Pendant la guerre
LES BLÉS
Ce matin, plus lourds, dans la brise,
Les blés se sont mis à pleurer ;
Au fond de leur prunelle grise
J’ai vu des larmes s’égarer.
Courbés sous le poids de leur peine,
Ils ont penché leurs fronts trop lourds,
Et leurs pleurs brillaient dans la plaine,
Comme un bijou sur du velours...
– « Nous pleurons en un deuil suprême.
« La douleur, aux sombres courrous,
« Nous a touchés de sa main blême,
« Et verse sa
détresse en nous.
« Étendant nos bras en prières,
« Vers la face du Tout-Puissant,
« Nous sentons croître en nos paupières
« Des larmes, des larmes de sang !...
« Ah ! bien grande est notre souffrance,
« Me dirent les blés canadiens :
« Nous pleurons pour les blés de France,
« Qu’écrasent les canons prussiens ! »
LES FLOTS
Depuis que la guerre s’élève.
Et met dans nos cœurs des sanglots.
J’entends soupirer sur la grève
Les flots.
Quels terribles bruits leur apporte
La brise en son manteau vivant ?
Quelles sombres rumeurs leur porte
Le vent ?
Est-ce la voix de ceux qui tombent,
Dans l’égorgement des combats,
Et le cri de ceux qui succombent,
Là-bas ?
Sont-ce nos frères, qui reviennent,
Les petits Français, aux yeux doux,
Qui sont morts, et qui se souviennent
De nous ?
Sont-ce les soldats de vaillance,
Couchés par un bras sans merci,
Attendant le réveil de France,
Ici ?
Nul ne répond.
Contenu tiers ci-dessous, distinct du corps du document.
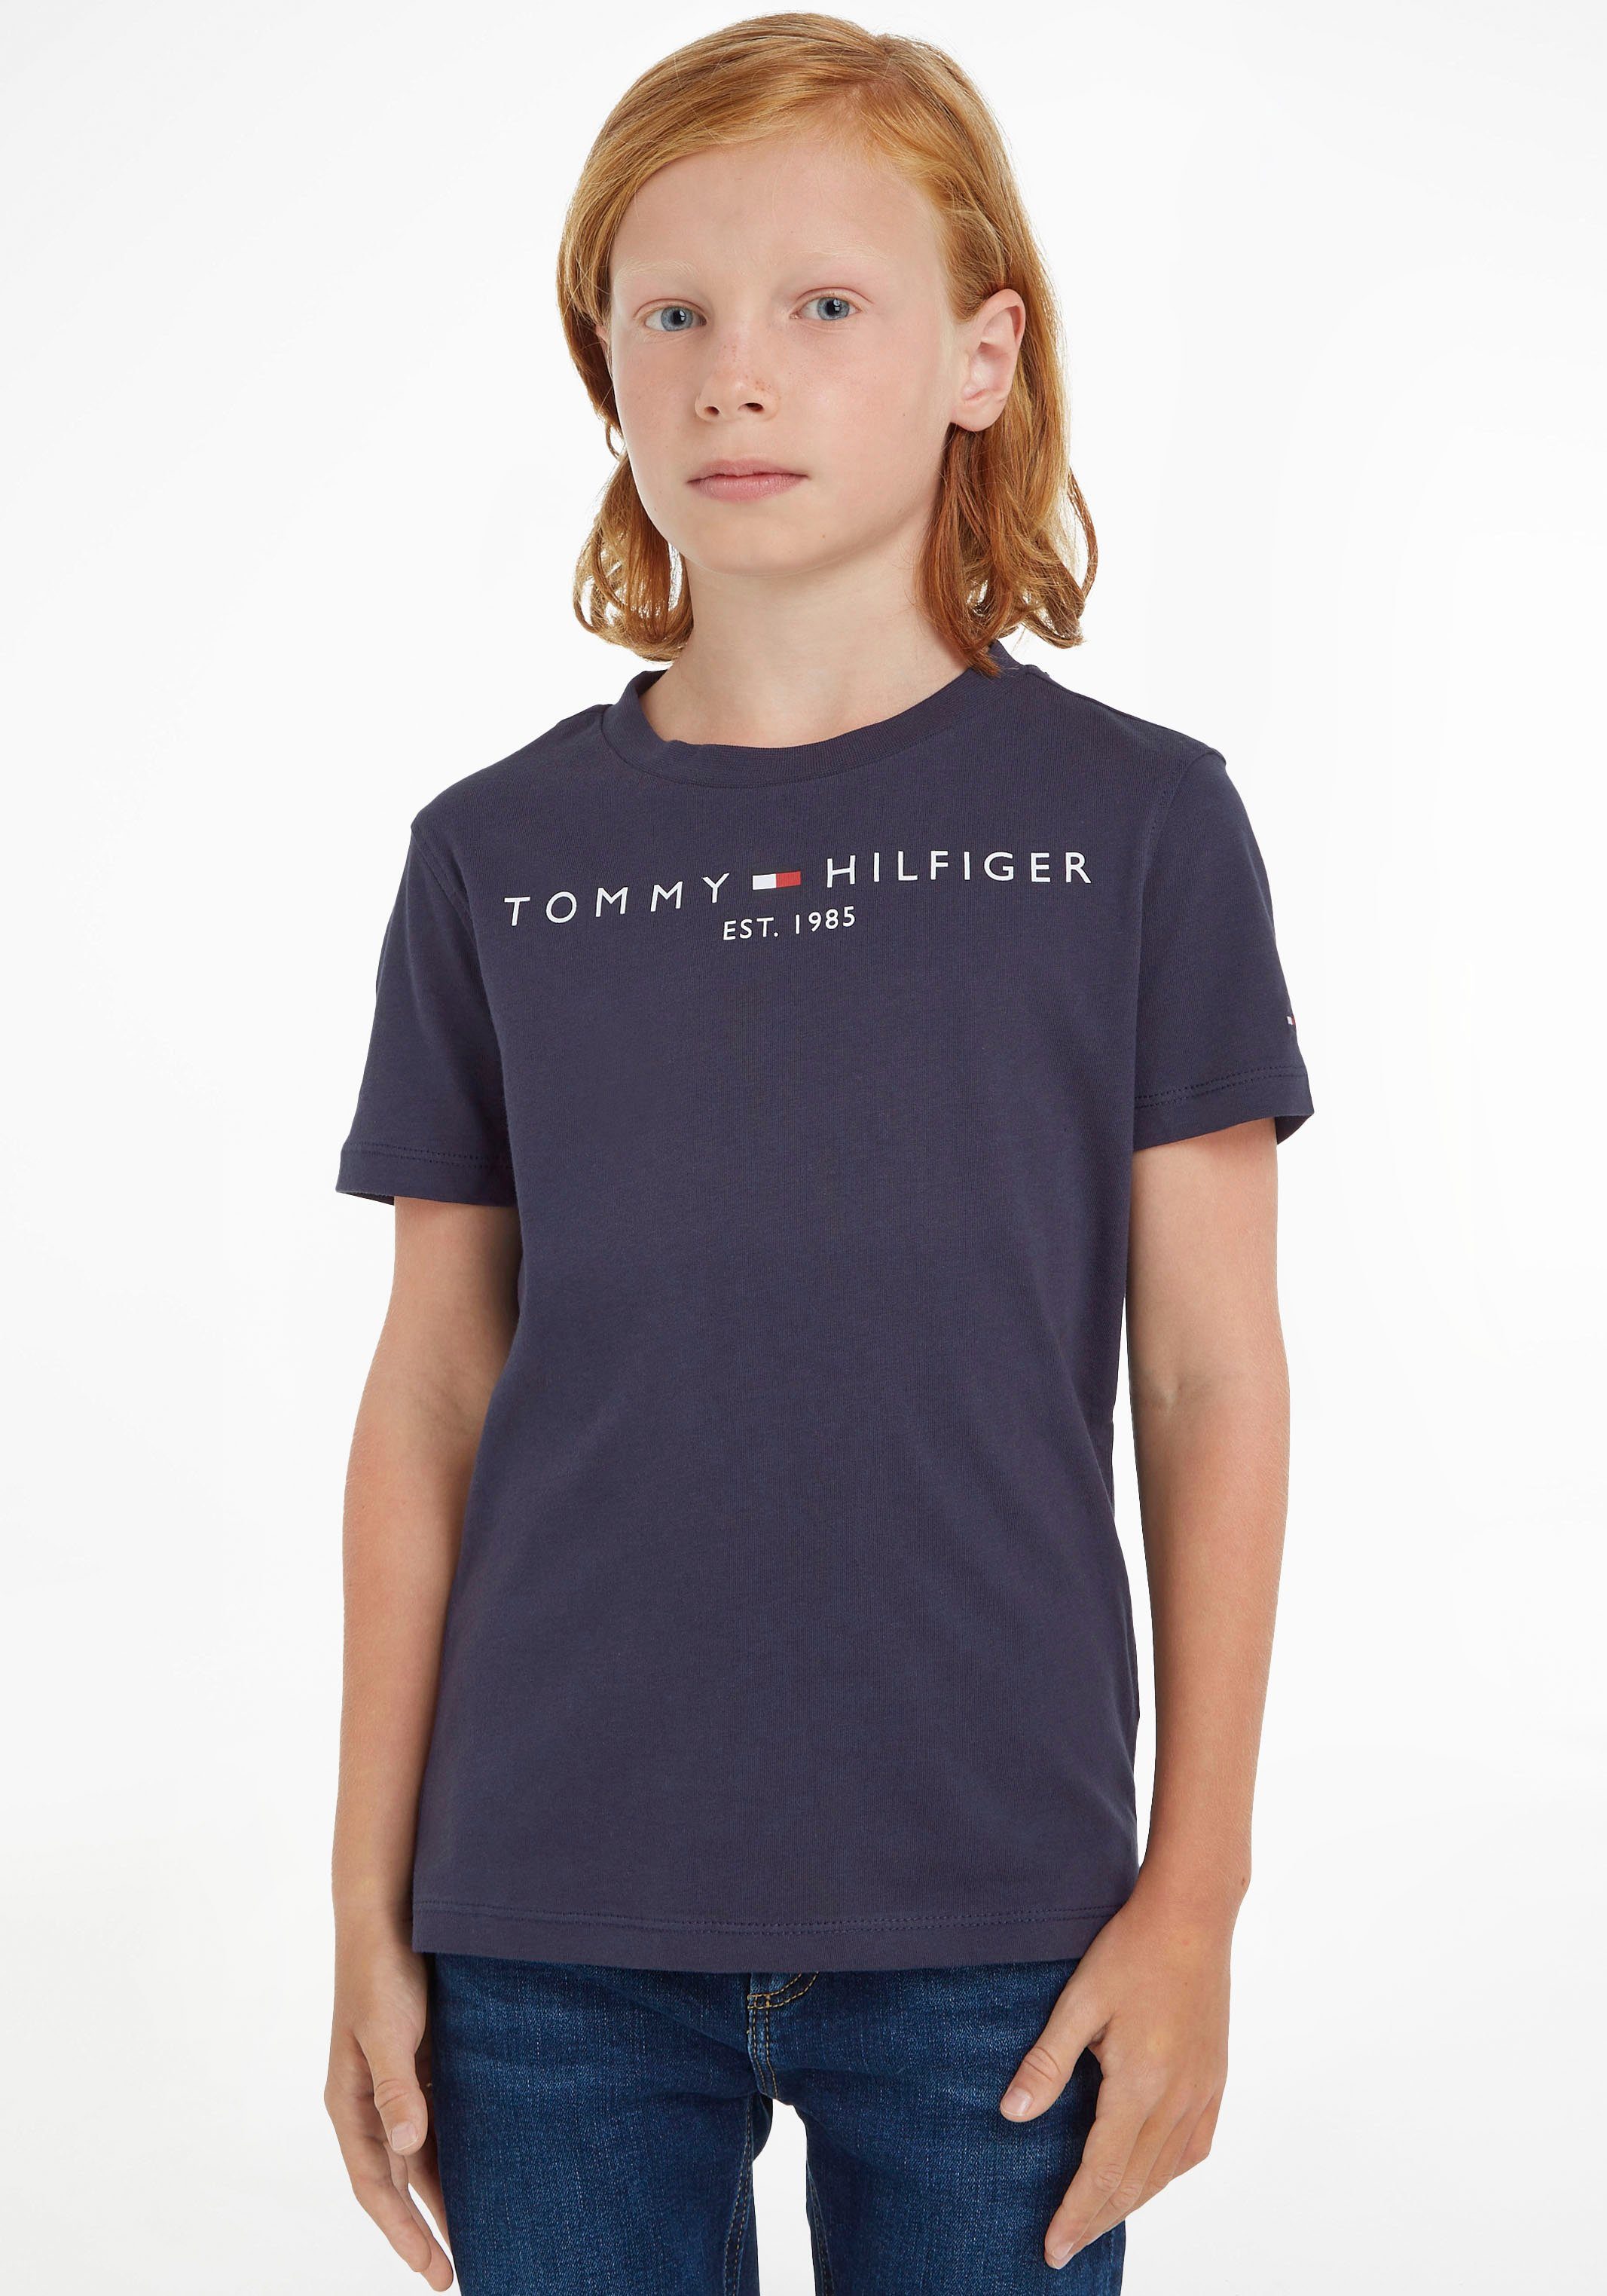 ESSENTIAL Tommy Mädchen Hilfiger Jungen und für T-Shirt TEE

Le fleuve pleure
En lourds sanglots, durant la nuit ;
Et l’oiseau quittant sa demeure
S’enfuit...
Dans le ciel, où le soleil plombe,
Une rougeur monte et descend.
On croirait que, sur nous, il tombe
Du sang...
– Ô France ! ô ma mère ! sois forte !
De tes ennemis sois vainqueur !
Je t’aime, et, de loin, je t’apporte
Mon cœur !
Blanche LAMONTAGNE.
Paru dans Le Parler français, bulletin de la Société
du Parler français au Canada, en octobre 1914.